4 Sep 2018 | Darius Afchar, Vincent Nozick, Junichi Yamagishi, Isao Echizen
This paper presents a method for automatically and efficiently detecting face tampering in videos, focusing on two recent techniques: Deepfake and Face2Face. Traditional image forensics techniques are not suitable for videos due to compression degradation. Instead, the paper proposes two deep learning networks with few layers to focus on mesoscopic image properties. These networks are evaluated on existing and newly created datasets, achieving high detection rates: over 98% for Deepfake and 95% for Face2Face.
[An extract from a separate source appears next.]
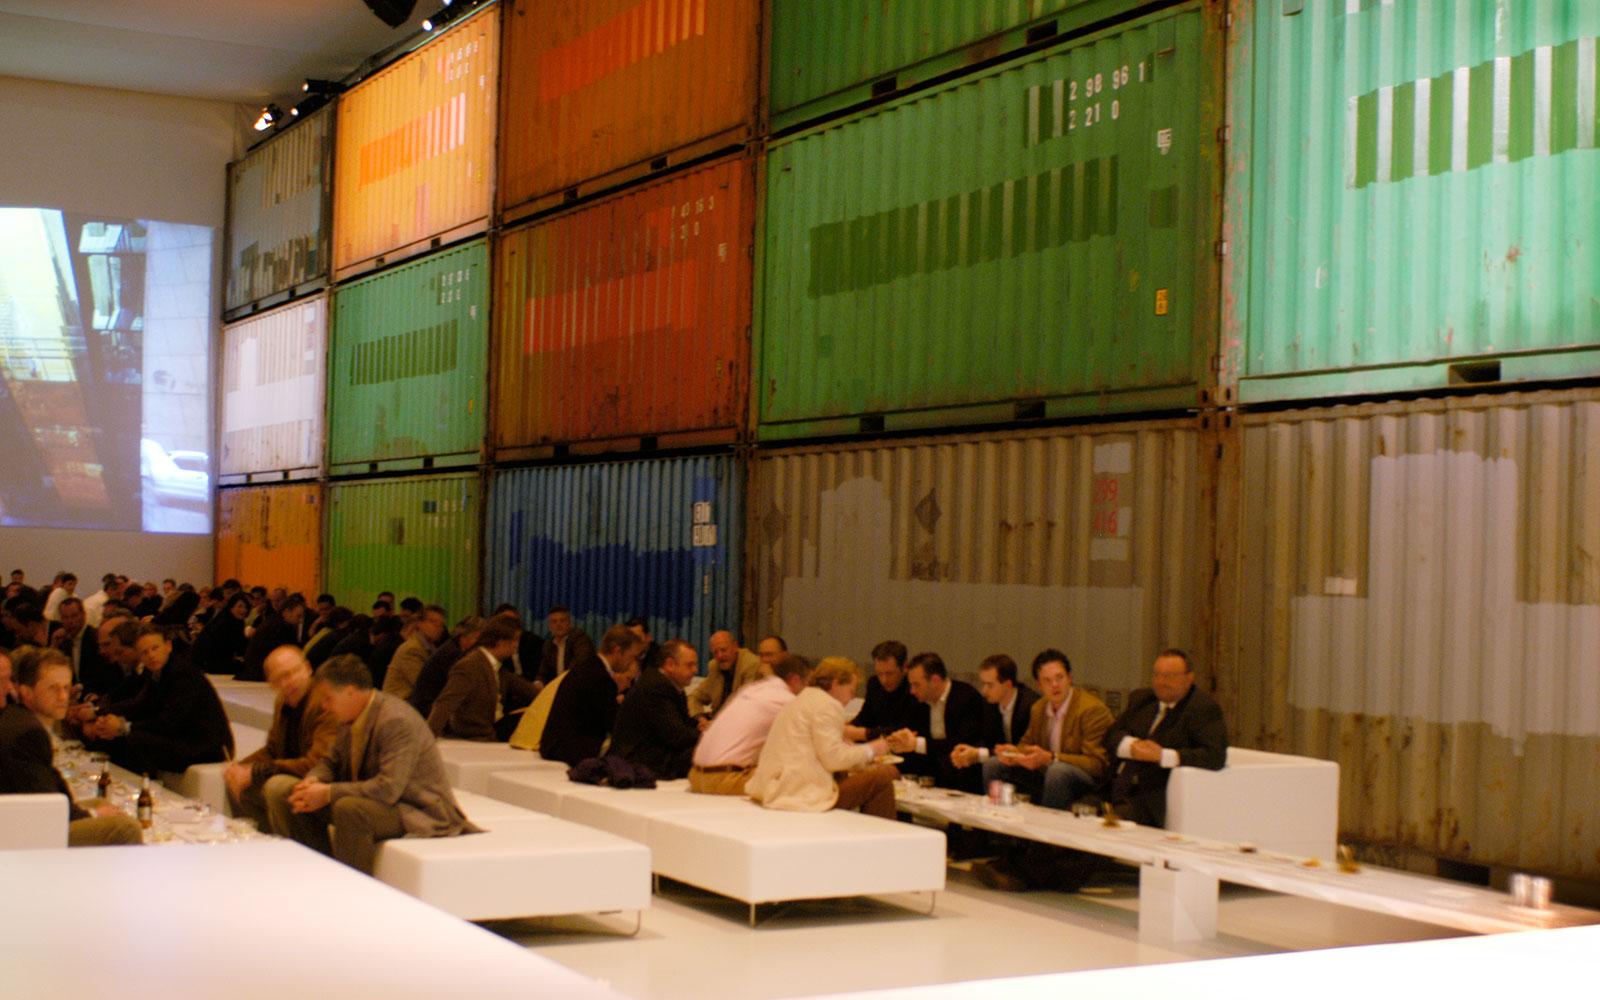 bên trong không gian hội nghị volvo C30 bằng container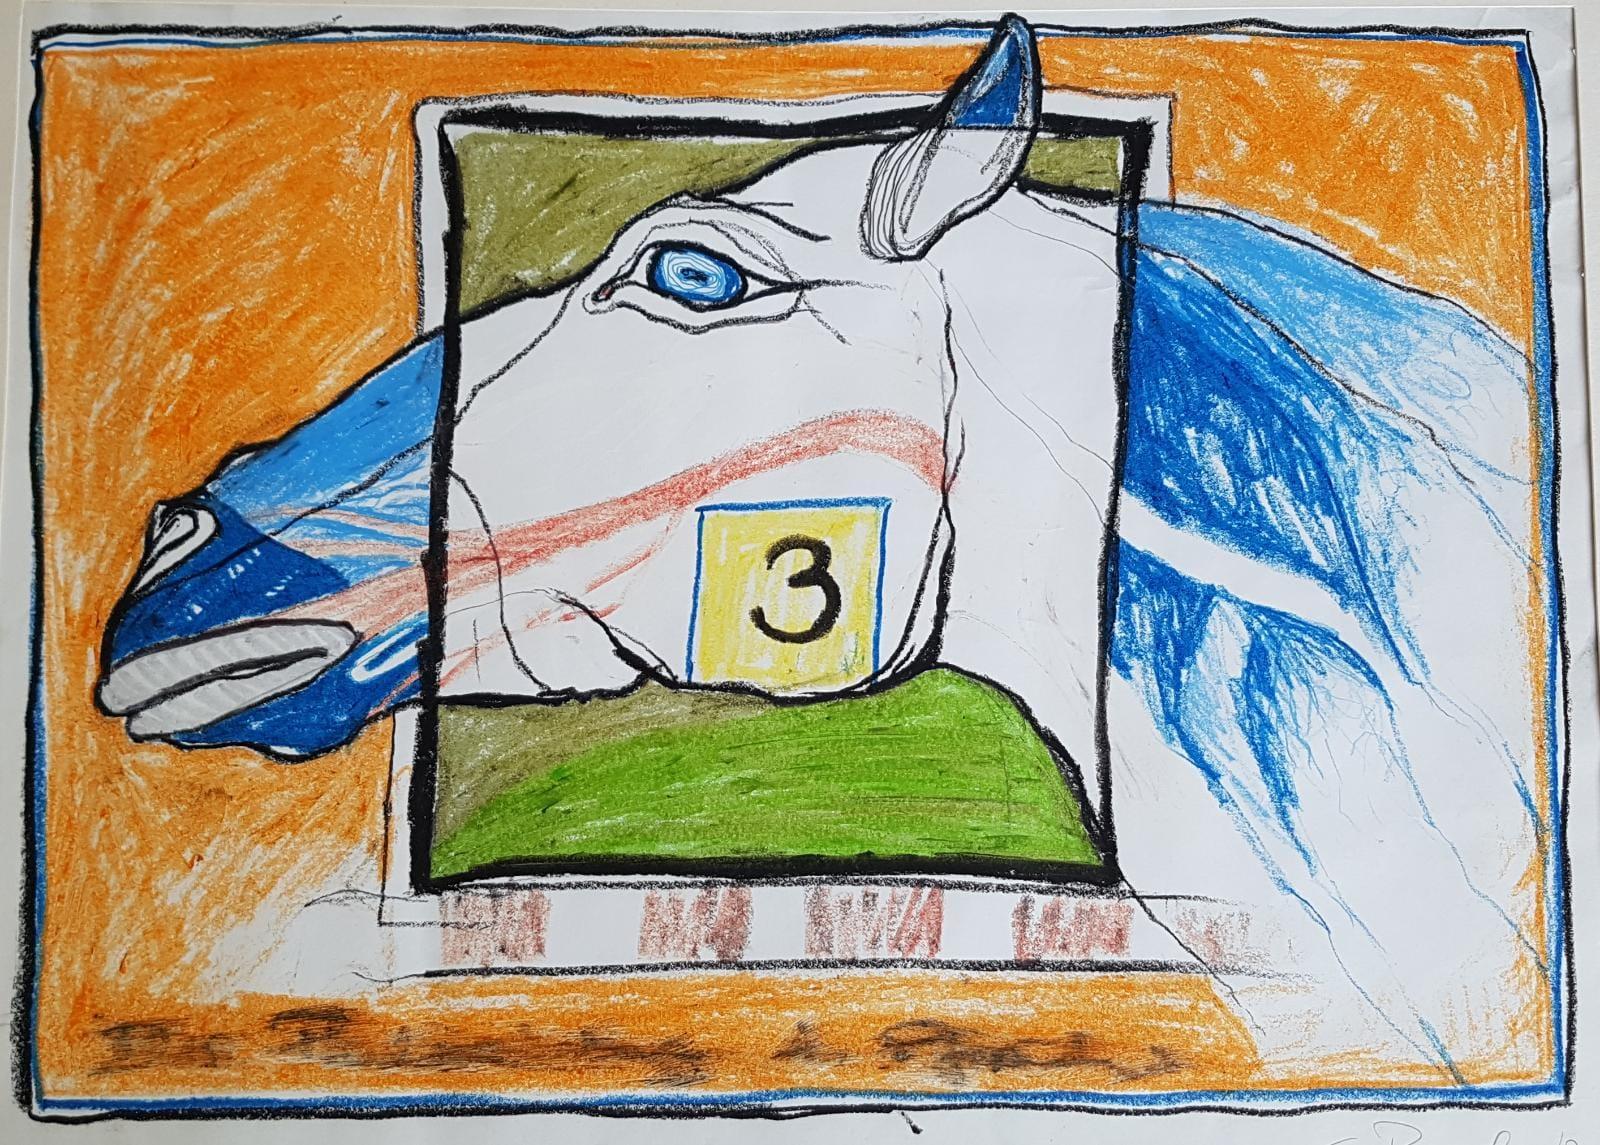 Wvz 1972 | P | 041 | Pulsschlag eines Pferdes

Deepfake replaces a person's face in a video with another's. It uses autoencoders to train on facial images, allowing the generation of realistic face swaps. Face2Face, on the other hand, transfers facial expressions from one person to another in real-time using a simple RGB camera.
The proposed method analyzes videos at a mesoscopic level, avoiding the limitations of microscopic analysis in compressed videos and the difficulty of distinguishing forgeries at a semantic level. Two networks, Meso-4 and MesoInception-4, are introduced. Both have low parameter counts and achieve high classification scores.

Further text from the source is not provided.